There are a lot of risks associated when you use stochastic crossovers for trading. Using stochastic crossovers as a trading strategy is a risky undertaking. Stochastic is a popular trading tool but it is best used in conjunction with other indicators and not as a strategy all its own. As a trading strategy stochastic by itself leaves much to be desired but when incorporated with other tools in the trader’s toolbox can be an effective means of determining trend, entry points, support and resistance.
What Is Stochastic?
Stochastic is an oscillator tool similar to MACD and RSI. These tools measure market movement in a number of ways but all are focused on strength of direction over time. Oscillators usually move in a range that can be over and under 0 or between 0 and 100 as in the case of stochastic. As a stock moves upward the oscillator will move upward, trending in a fashion that mimics the movement of the underlying stock. Typically, oscillators can move within the range to positive and negative extremes in either bull or bear markets. What I mean is that an oscillator may retreat to a bearish extreme in a bull market or climb to a bullish extreme in a bear market. These moves to extreme levels are not signals of reversal but potential entry points in the underlying trend.
There are two primary methods for using stochastics crossovers in binary options. The first is when the %D line moves to an extreme, reverses, and then crosses back out of the extreme range. This is supposedly a sign of strength in a bull market and a sign of weakness in a bear market. A bullish crossover would be when %D moves below the bearish extreme and then crosses back over and the reverse in a bear market.
Binary Options Stochastic Crossover Signals
When you use stochastics in binary options you can use two major methods. The first method is when %D line goes to the extreme and then reverses and then crosses back to extreme range. This actually signifies strength in a bullish market but on the opposite site is a weak sign in a bearish market. The moment %D moves right below a bearish extreme and crosses over is when a bullish crossover happens. Signals can be longer depending chart time frames. Moreover, two or three crossovers occur before any assumed movement happens.

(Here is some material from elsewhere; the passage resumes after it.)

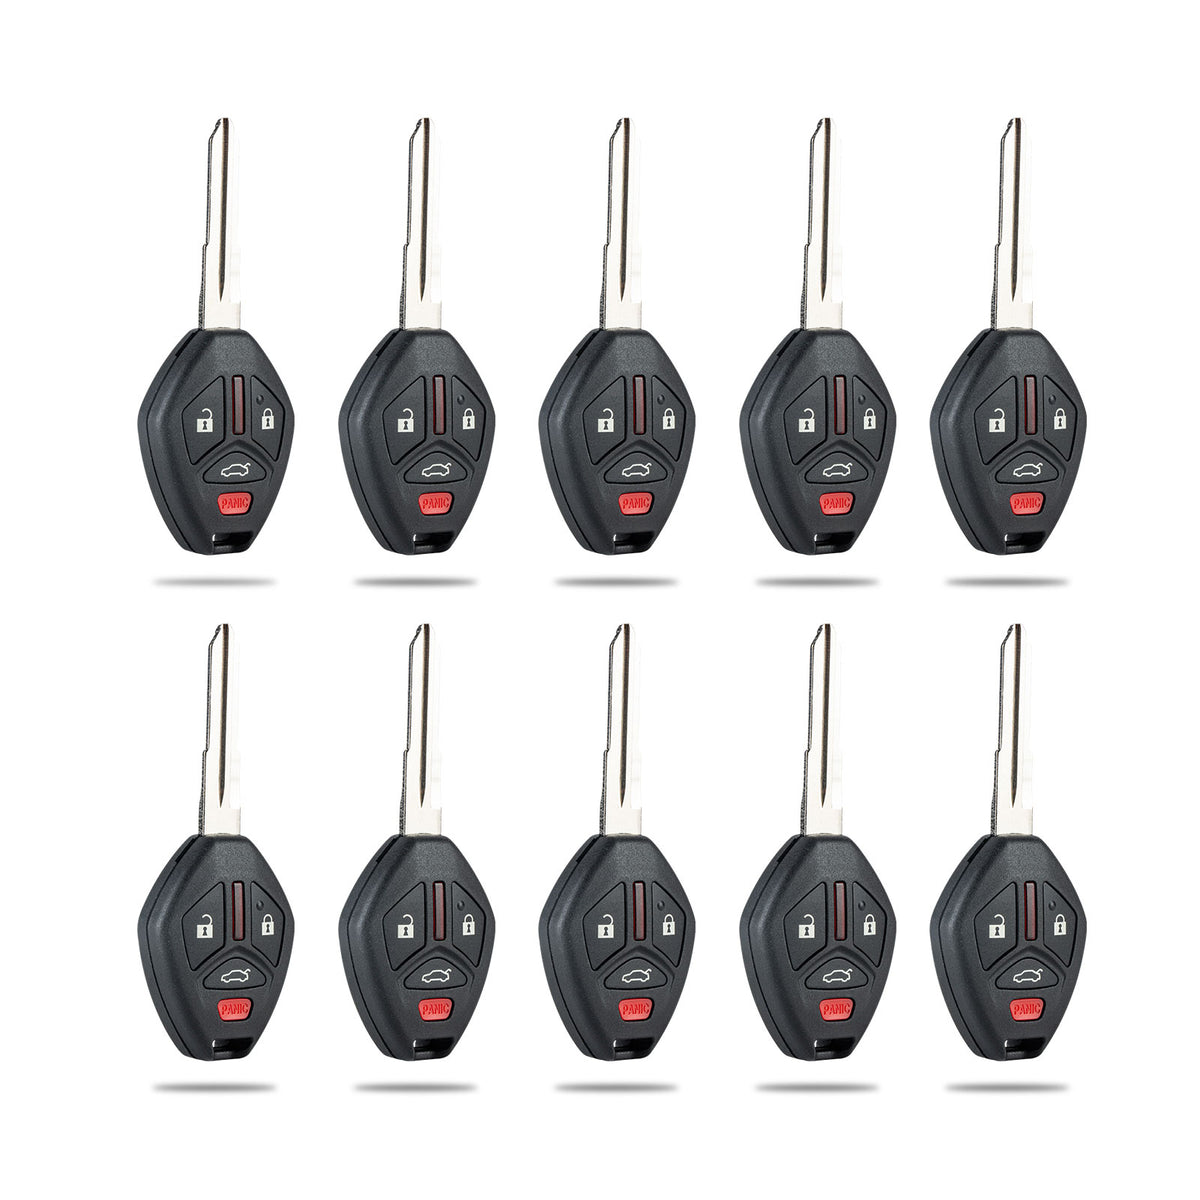 Lots of 10 Extra-Partss Car Remote Fob Replacement for Mitsubishi OUCG8D-625M-A 6370A47 fits Lancer 2007 2008 2009 2010 2011 2012 2013 2014 2015 2016 2017 2018

How to use Stochastic Crossover ?
In simpler terms, crossovers simply mean a line crossing over another. In long term crossovers, the %K line is crossing over %D. Nonetheless, you need to understand first the trend behind it so that you can effectively use the technique. This is because when you use such technique for trading against a trend then you could have big losses. Presuming that there is a bullish trend, the crossover may be when %K line moves below %D and crosses over to %D. In bearish markets a crossover may happen if %K is moving just above %D and then crosses over back below %D.

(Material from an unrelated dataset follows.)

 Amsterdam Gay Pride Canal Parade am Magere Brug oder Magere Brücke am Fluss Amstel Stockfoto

There is only one huge reason why the crossover signals on stochastics’s technique is good. Primarily, it offers a dependable entry signal in bear and bull markets. When you successfully recognized the trend scholastic, you can find crossovers in shorter, middle, and longer term charts. These are really strong signals when one or more time frames join and then give signals all at once. A union of stochastic crossovers is like a sea with a tide coming. The tide slowly moves in and at a point the waves then ripple while simultaneously pulling back. This is just like markets when there are corrections. The wave pullback provides a chance for another wave of traders or investors to enter and make higher marks. Stochastic crossovers mainly measure market ripples and waves and once they unite it can also provide a signal that another wave of investors is coming.
One reason why it is not so good is that they lag especially when you do not pinpoint them correctly. Crossovers can happen anytime and in random markets. When you rely on these crossovers for your signals, there is a huge opportunity that you will not be able to see huge profit portions or worst – lose lots of money. Similarly, when there is no strong trend in the market, there is a probably that crossovers can be fake signals.
The Bottom line
Stochastic crossovers are a good thing, especially when used in conjunction with other tools and techniques. Generally, stochastic crossovers are great especially when you use it together with other techniques and tools. I never rely solely on any one indicator or technique and like using stochastic. I will be keeping this weapon in my arsenal. There are other uses for stochastic as well that I will be exploring in future articles.